Dealing with summer disruptions
If you’ve established a bedtime routine that works for you and your child, all the experts cautioned against changing it too drastically in the summer months.
When asked how much later kids should stay up during the summer, the experts’ advice ranged from about an hour for younger kids to up to two hours for teens. During the school year, “We call it ‘school plus two,’ ” Schneeberg said, meaning that, on weekends, you shouldn’t let your child sleep in more than two hours beyond their school day wake-up time. “But I think it fits perfectly for the summer.”
Many parents reason that their teens can stay up late in the summer because they’re also able to sleep in. But the sleep experts had several concerns about that. Letting teens stay up all hours can lead to a disruption of their circadian rhythms and can encourage them to eat too many junky late-night snacks, Sterni said. In addition, she pointed out, when teens sleep in during the day, they are losing opportunities to exercise and socialize and spend time with their families.
When it comes to teens and summer sleep times, Scheeberg said, “I always say to parents, you can’t make them go to sleep” but you have a better chance of controlling when they get up.
She encourages parents to focus on circadian cues that help teens wake up: light; food; caffeine; activity; social interaction.
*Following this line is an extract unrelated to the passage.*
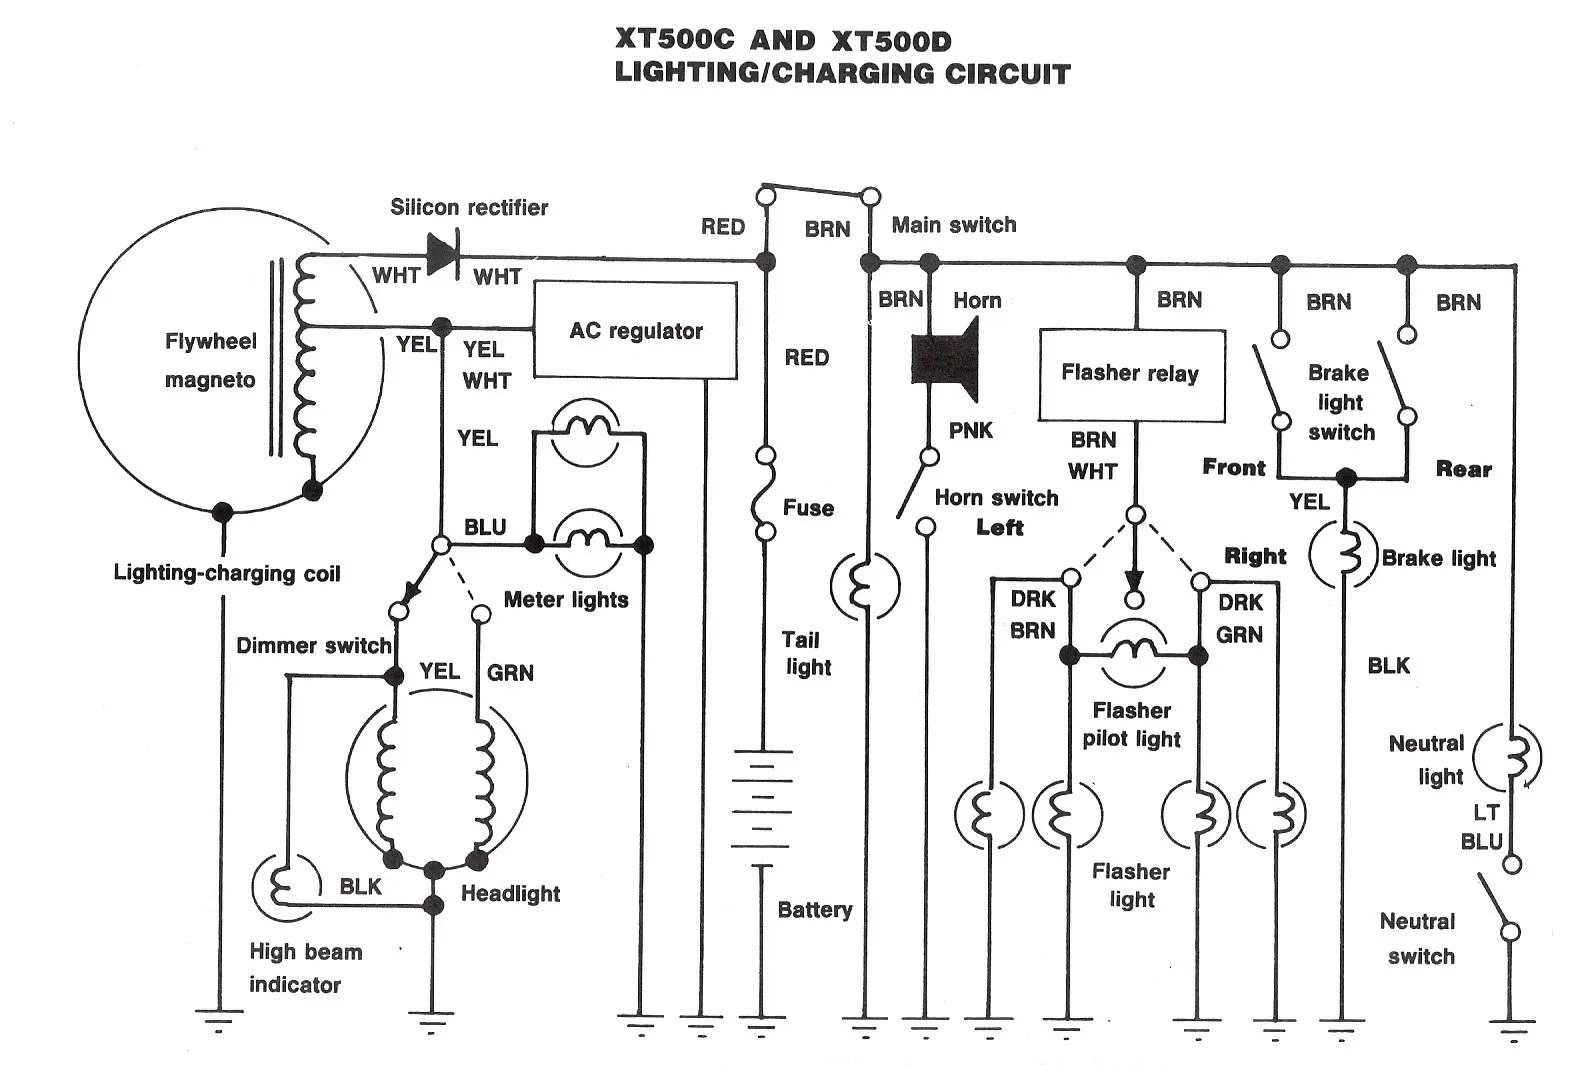 hight resolution of yamaha tt500 wiring diagram wiring diagramyamaha tt500 wiring diagram schematic diagramxt 500 wiring diagram 19 sg

So, if you’re hoping your teen will get up at 9:30, you might open their curtains, prepare breakfast and arrange for a friend to come over to play basketball.
In addition to urging parents not to stray too far from school-year bedtimes, sleep experts encourage maintaining as many other aspects of the routine as possible during the summer. “I’m a big proponent of limiting electronics at a certain time regardless of whether it’s summer or not. Encourage reading, encourage being outside, encourage something else,” Sterni said. “But I get it; I raised two boys. You’re going to stretch it a little; a little’s fine.”
You can also try to stick to the routine when traveling. Schneeberg suggested you still bring a bedtime basket when you’re on the road, for example, and Kitsaras suggested that instead of reading a book, you talk over that day’s adventures as a relaxing activity before bed. But don’t fret if kids are up late because of a delayed plane, or a visit with relatives. And you shouldn’t be so rigid about the routine that you get stressed when it doesn’t occur, whether during the school year or in the summer.
Bedtime routines are only productive if you do them “in a very proactive, interactive, positive way with your children,” Kitsaras said. “If you replace them with anxiety, stress, and a rushedness, that will go against everything that we are proposing.” The bond created between parent and child is “the vital element,” he said.